Cathy Hamilton: Tree Frog resonates in any language |

Cathy Hamilton: Tree Frog resonates in any language

Cathy Hamilton

My freshman year in college, I got an A in Latin. I’m talking five credit hours each semester, people! Sure, it was only Latin 101, but my scholastic accomplishment is worth noting because of my previously poor record in Spanish, my otherwise unimpressive grade point average and a band named Tree Frog.

Let me explain ab initio (from the beginning).

In 1973, there was a bar called the Mad Hatter at Seventh and New Hampshire streets. It was a smoky joint, dark and smallish, at least compared to the Borders store that sits there now.

“The Hatter” held ladies’ night on Thursdays, where “ladies” could drink 3.2 beer ad infinitum (without limit) or, more accurately, ad nauseum (to a disgusting extent), for no cover and 25 cents a draw. (I’m not sure memory serves correctly here because, again, draws were a quarter and it’s hard to know if memory serves exactly when one was frequently overserved.)

Tree Frog was the house band in those days. My girlfriends and I, et al. (and others), adored them. They specialized in those Crosby Stills Nash & Young twangy harmonies we loved. More important, they were cute as a bug’s ears, especially the drummer. Every Thursday night, we’d walk in and cry, “Ecce homo!” (Behold the man!)

Back then, college nightlife started about 9. Bands actually started playing at 10. This afforded my class/dormmate, Janet, and I ample time to prepare for our weekly Latin quiz Friday morning. After polishing off a delicious cafeteria meal of Mystery Meat and Casserole a la Repurposed Lunch, we’d scurry back to Janet’s room and practice verb conjugation aloud before we permitted ourselves to go out:

Amo, amare, amavi, amatum (to love or be fond of – as in, that darling drummer).

Once our academic objectives had been met, we would join a gaggle of girlfriends and spend the hours till closing time shoulder to shoulder on the Hatter’s parquet floor, smoking cigarettes, drinking quarter draws and joyously dancing up a storm, partners optional.

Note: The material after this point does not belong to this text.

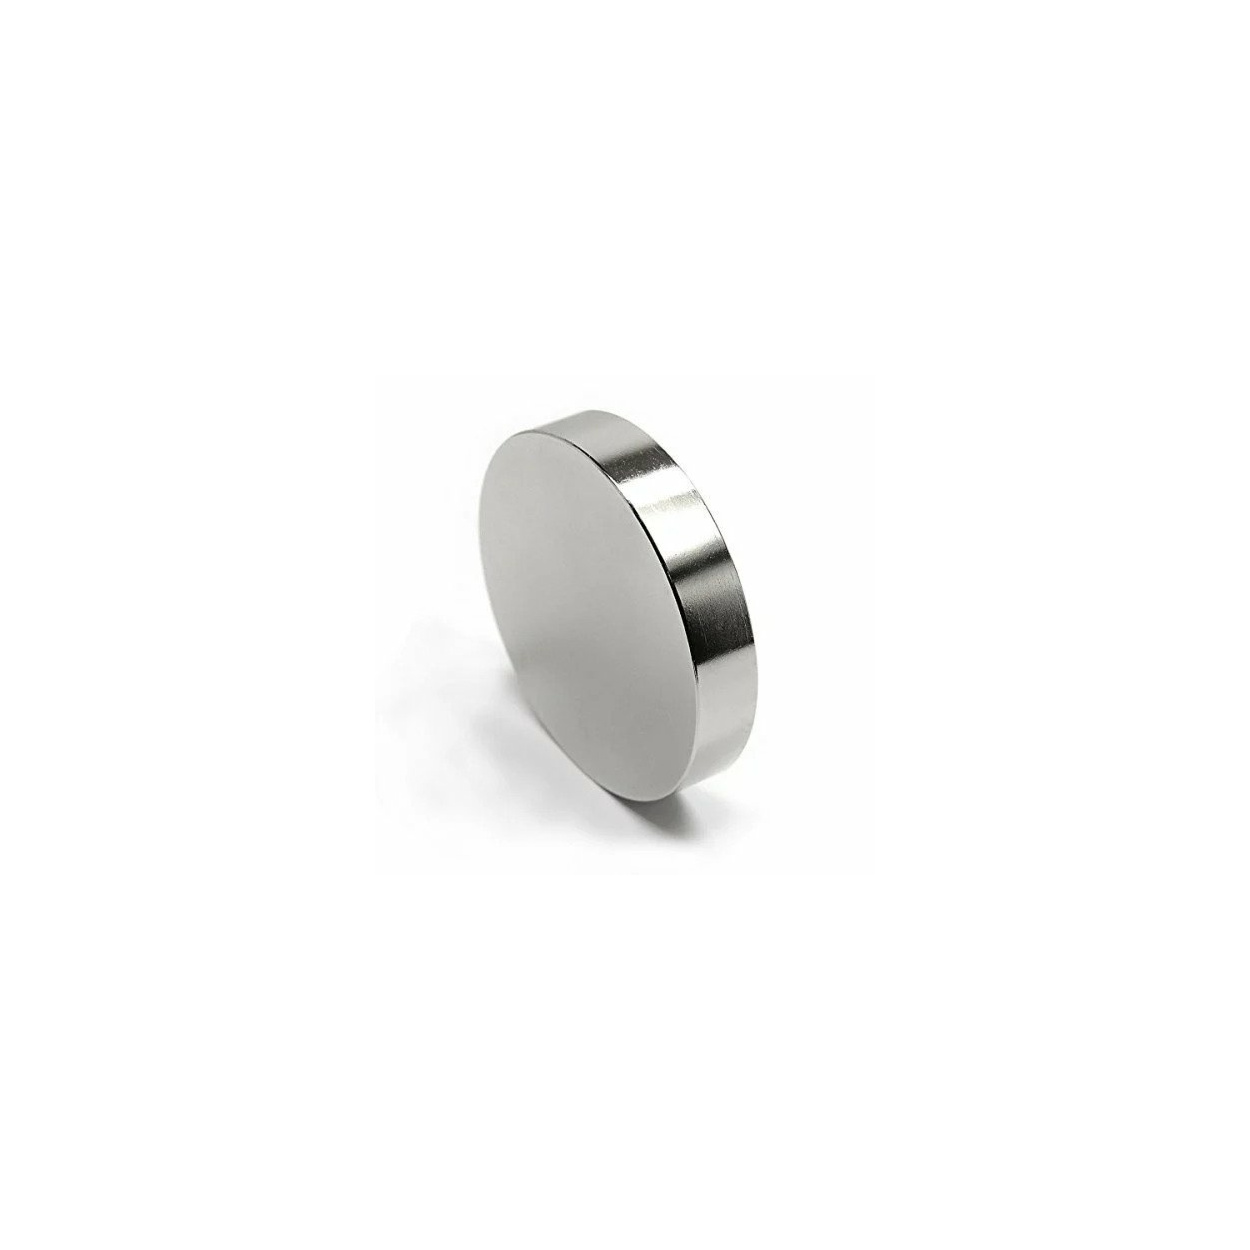 D45 x d22 x 10mm Ferrite Ring Magnet

About midnight – maybe later – came the song we all waited for every week. It was Tree Frog’s magnum opus (great work) and our end-of-the-night anthem, the one the audience sang in unison in toto (entirely) at the top of our lungs. This was the chorus:

‘Cause I’m horny as a hoot owl,

And I don’t know what to do right now,

Wish I were with you right now,

Never thought a man could get this way

(I know, it was a tad unrefined. But heck, by today’s standards, it’s freakin’ Cole Porter!)

Somehow, on Friday mornings, after all that revelry, Janet and I managed to drag our sorry freshman behinds to Latin class. Miraculously, we aced every quiz put before us, ne plus ultra (the highest standard of excellence) proving that our modus operandi (manner of working) was amazingly effective or, more likely, brain cells took longer than overnight to die.

Last weekend, Tree Frog returned to Lawrence and played to a packed house of enthusiastic baby boomers at Liberty Hall.

Some things had changed, of course. The audience was grayer, softer around the middle. It cost $12 to get in the door. Beers were $3.25. Thankfully, no smoke hung in the air.

The band looked different, too. If it weren’t for a 1970s “then” group photo hanging above the stage, I wouldn’t have recognized any of them (except for that adorable drummer).

But some things remained the same: the rich, four-part harmonies and the shoulder-to-shoulder dancing, which hasn’t changed that much in 35 years. No better, but certainly no worse. Partners are still optional.

Then came the anthem:

Everyone sang it, word for word.

It made me joyful and amazed at what you can remember after 35 years.

Still, I wonder, ex post facto (retrospectively), if I can recall all the words to a song about a horny hoot owl, why can’t I remember any Latin without looking it up on Google?